Les sondages d’opinion publique publiés par FiveThirtyEight indiquent que 48% des Américains croient que le président Trump devrait être mis en accusation, comprenant 84% de démocrates et 11% de républicains. Cependant, le président a un groupe de partisans qui s’opposent à toutes tentatives pour le démettre de ses fonctions. Les résultats publiés le 21 octobre 2019, par le Public Religion Research Institute, ont révélé que 99% des chrétiens évangéliques blancs ne croient pas que M. Trump devrait être mis en accusation.

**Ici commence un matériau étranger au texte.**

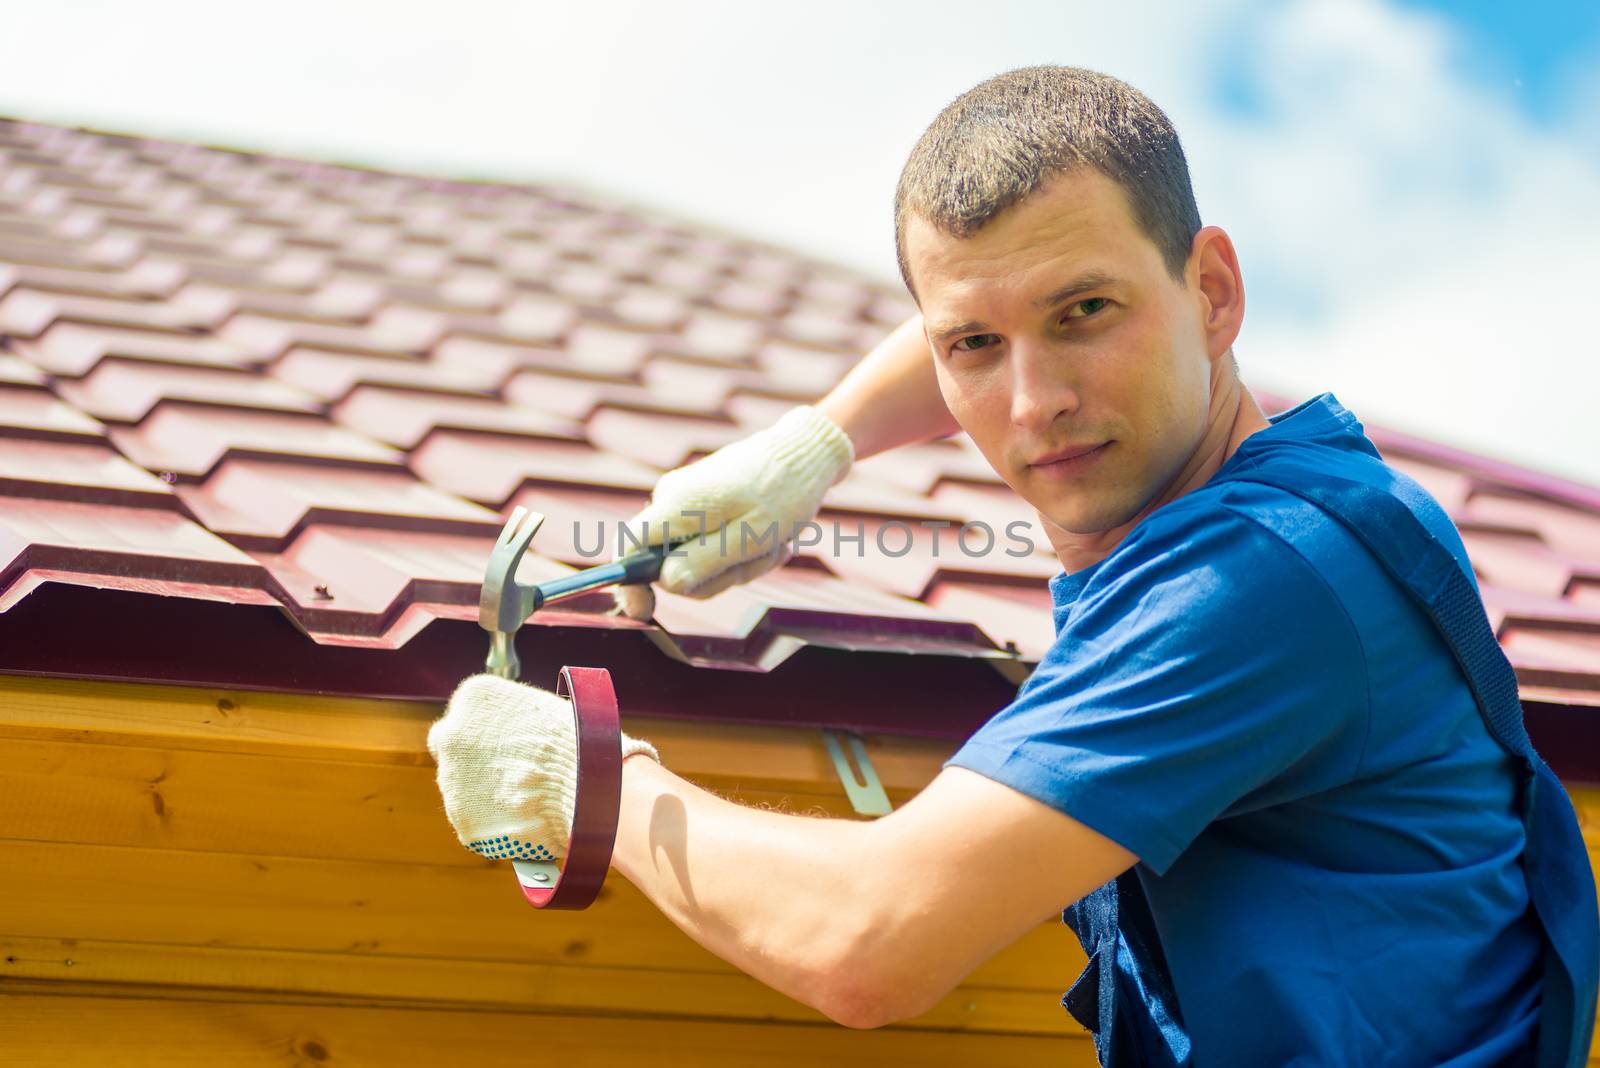 Portrait of a male repairman engaged in repairing a roof of a house, a portrait against a tile

Durant l’élection présidentielle de 2016, 81% des électeurs évangéliques blancs ont voté pour Donald Trump. Cela signifie qu’ils représentent près de la moitié (plus de 29 millions) des sympathisants du président Trump.

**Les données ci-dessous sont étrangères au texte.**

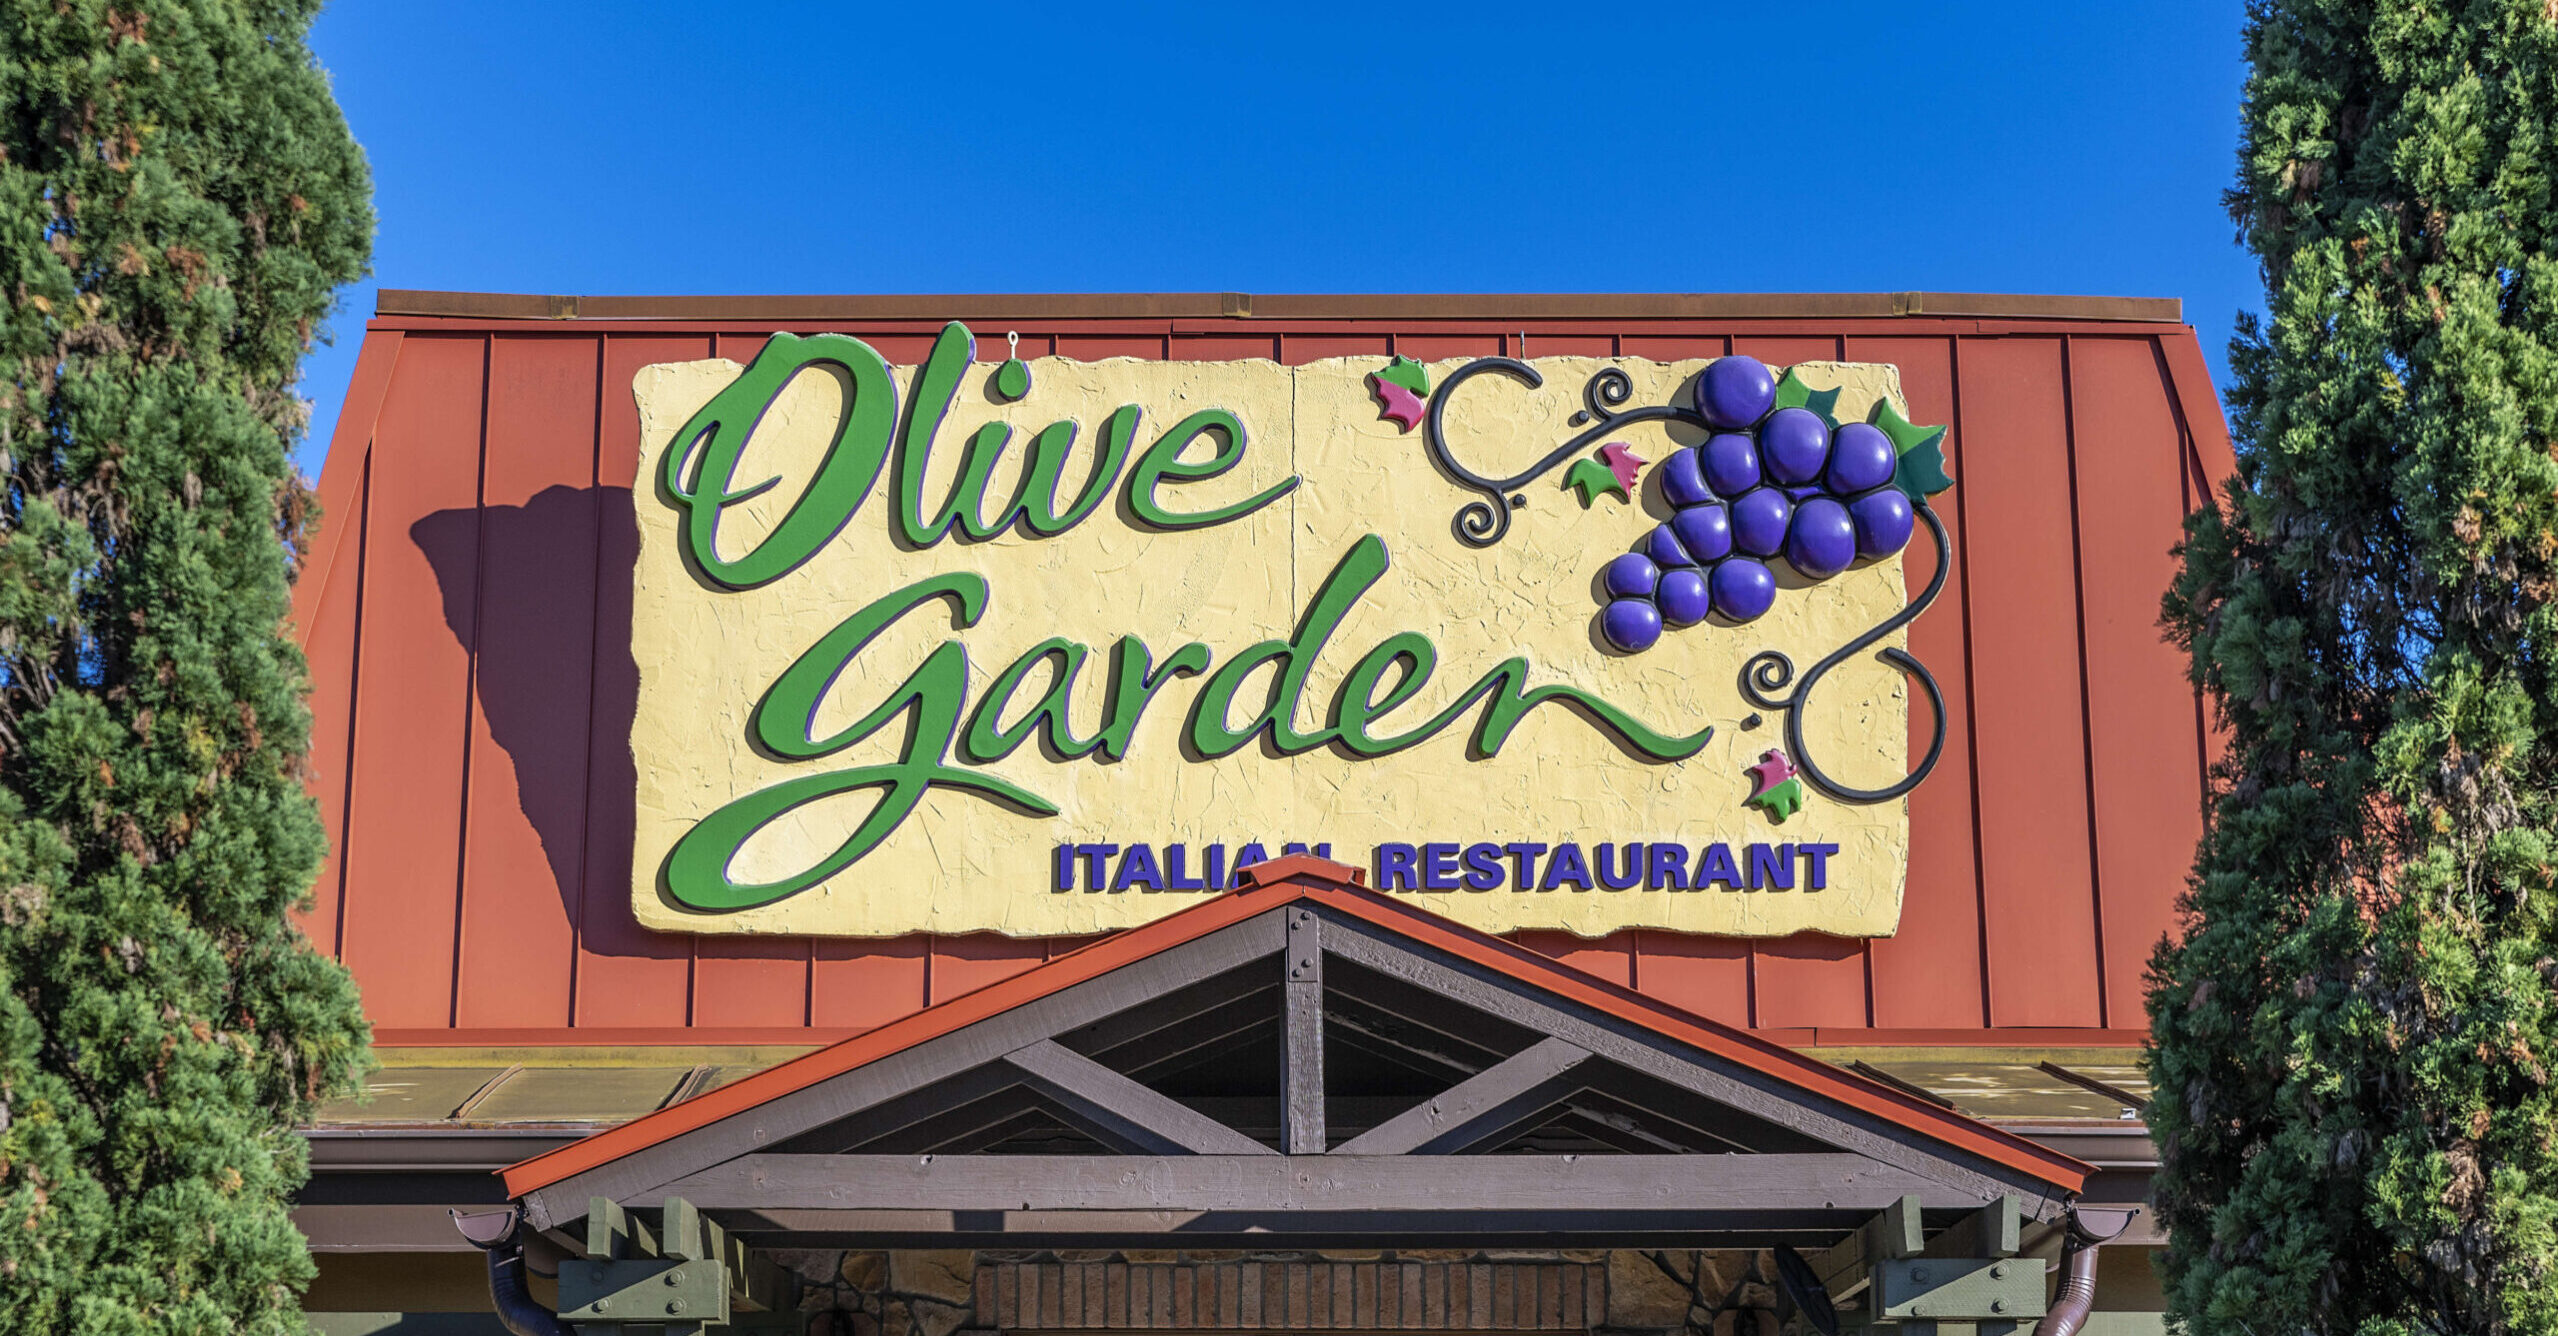 Is Olive Garden Going Out of Business? | Snopes.com

Interrogé sur la façon dont les chrétiens évangéliques réagissent à la mise en accusation, le pasteur de Dallas, Robert Jeffress, a déclaré à Fox & Friends : « Écoutez, je ne prétends pas parler pour tous les évangéliques, mais cette semaine, j’ai parcouru le pays et j’ai littéralement parlé à des milliers et des milliers de chrétiens évangéliques. Je ne les ai jamais vus plus en colère contre cette tentative pour illégitimement démettre ce président de ses fonctions, annuler les élections de 2016, et annuler les votes de millions d’évangéliques avec cette procédure... Et je tiens à faire cette prédiction ce matin : Si les démocrates réussissent à démettre le président de ses fonctions, je crains que cela ne provoque une fracture semblable à une guerre civile dans cette nation dont ce pays ne guérira jamais » (29 septembre 2019).

Le président Trump a tweeté l’avertissement de Jeffress. Un mois plus tard, il a rencontré 25 dirigeants évangéliques qui ont prié avec lui à la Maison Blanche. Ces chefs religieux ont assuré M. Trump que les évangéliques à travers l’Amérique le soutiennent. Dans une année électorale amère, le président Trump est certain de courtiser sa base évangélique pour avoir du soutien.

Une maison divisée

Jésus-Christ a averti : « Tout royaume divisé contre lui-même est dévasté, et toute ville ou maison divisée contre elle-même ne peut subsister » (Matthieu 12 : 25).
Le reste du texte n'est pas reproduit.